Respondents are most likely to export data from asset management tools into enterprise systems or CMDBs such as ServiceNow (52%), BMC (35%) and Cherwell (17%).
In this year’s survey, Europe has more beginners (31% compared to 17% in North America) but a similar number of advanced users (49% to 55%).
European ITAM teams are most likely to interact with IT service management (51%), infrastructure and operations (48%) and CIO/CTO (47%). Also, ITAM interaction with cloud teams increased significantly, from 24% last year to 42% this year.
Currently, tracking use of software and the associated licenses remains important (containers 51%, public cloud 47% and on-premises 60%), as does responding to audits (52%). This mirrors the global survey, so it appears the responsibilities are constant regardless of geography.
SAM teams are more strapped for resources in Europe than in North America. More than three quarters (78%) in Europe name lack of resources on SAM team as a challenge (37% significant, 41% somewhat). More than four-fifths (88%) cite amount of time/money spent responding to audits as a challenge (27% significant, 61% somewhat).
In Europe, cost-saving initiatives are top priorities for the next 12 months. The top initiatives are improved reclamation of underused or unused software (51%) and optimizing and finding savings in software spend (47%). Audit-related activities are lower, including tracking use of software licenses (31% in containers, 32% in public cloud).
Microsoft remains the leading auditor of software usage, as 49% of European respondents said the company audited them in the past three years. A higher percentage of European respondents say they have been audited by IBM (34% globally, 44% in Europe).
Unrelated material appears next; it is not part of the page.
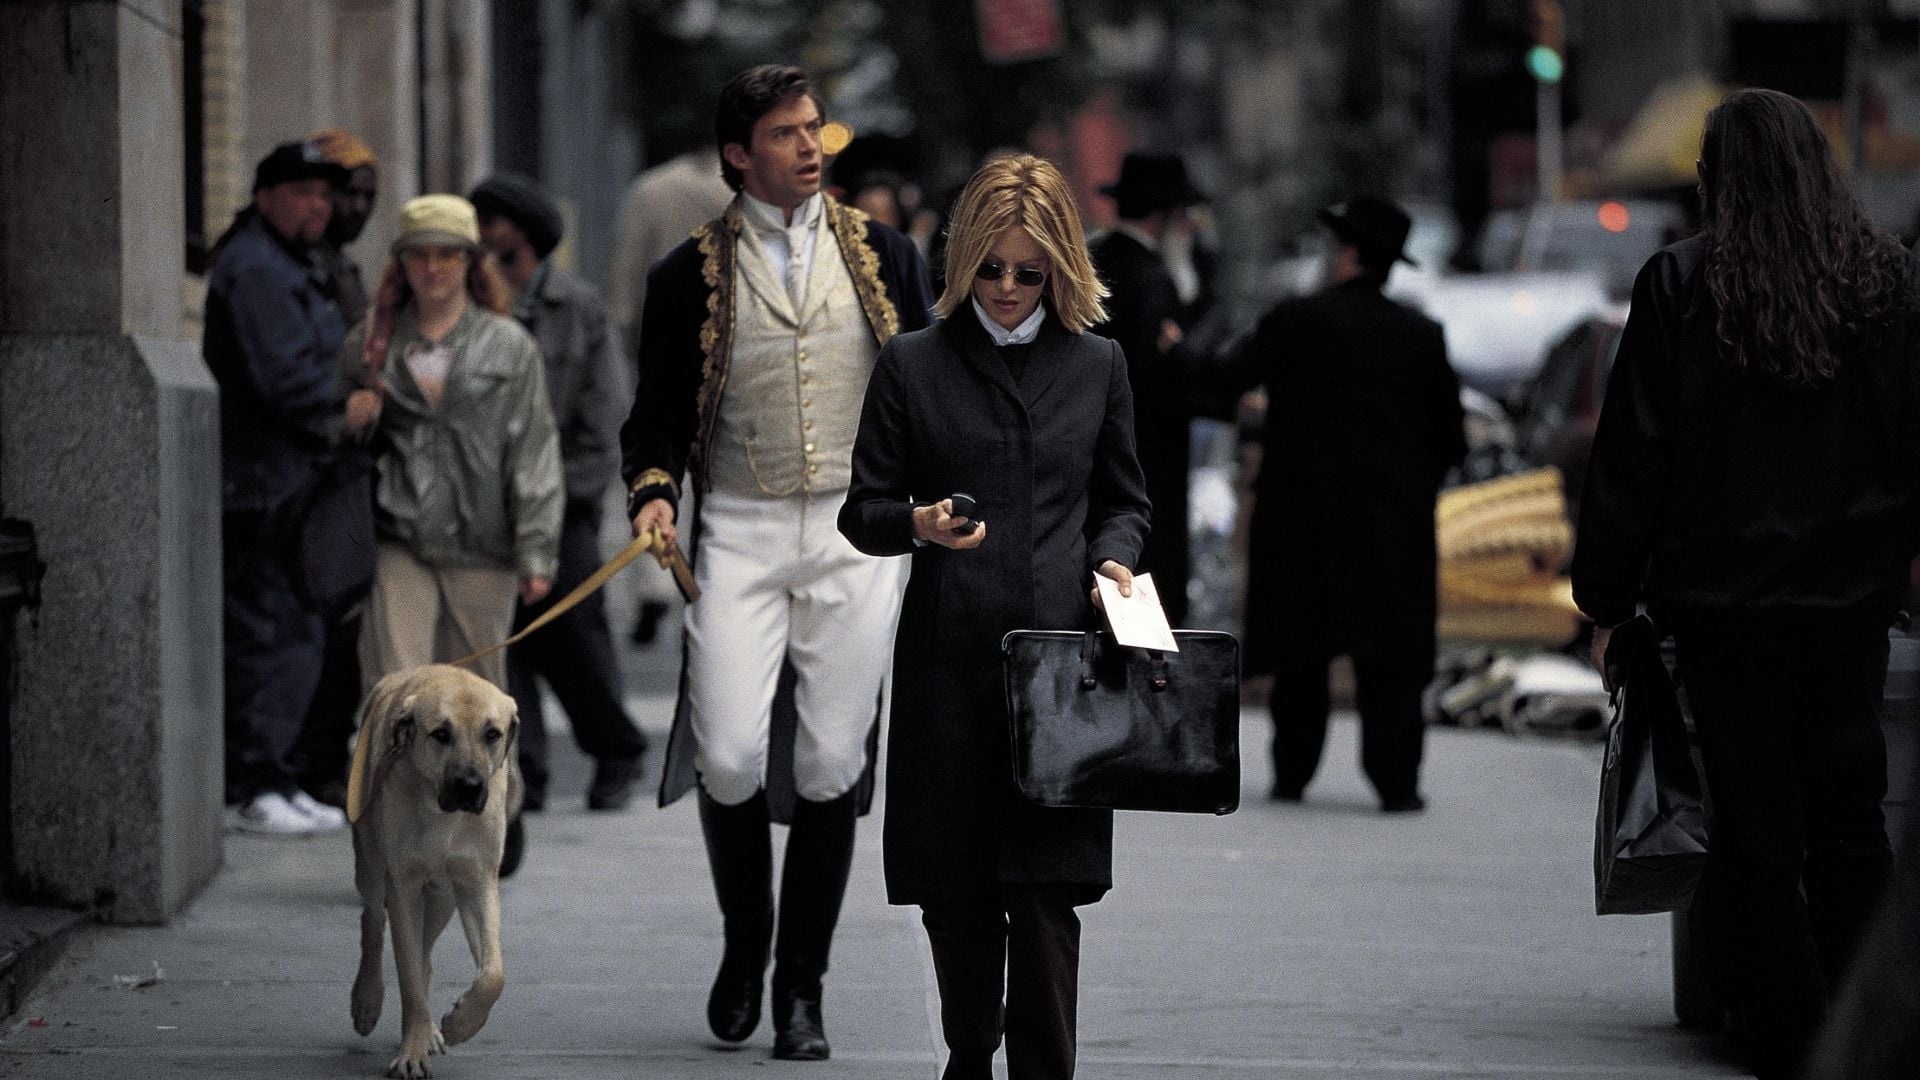 Kate and Leopold: The movie grossed $76 million worldwide on a $48 million budget. 1920x1080 Full HD Background.

As in the global survey, there’s a misalignment between SAM metrics and SAM initiatives themselves. SAM teams are predominantly measured on audit-related activities—compliance with regulatory or internal audits (44%) and accuracy of license position (43%).
Similar to the global survey, the top three areas where savings were realized are not audit-related. This contrasts with the SAM program metrics, which prioritize audit-related activities.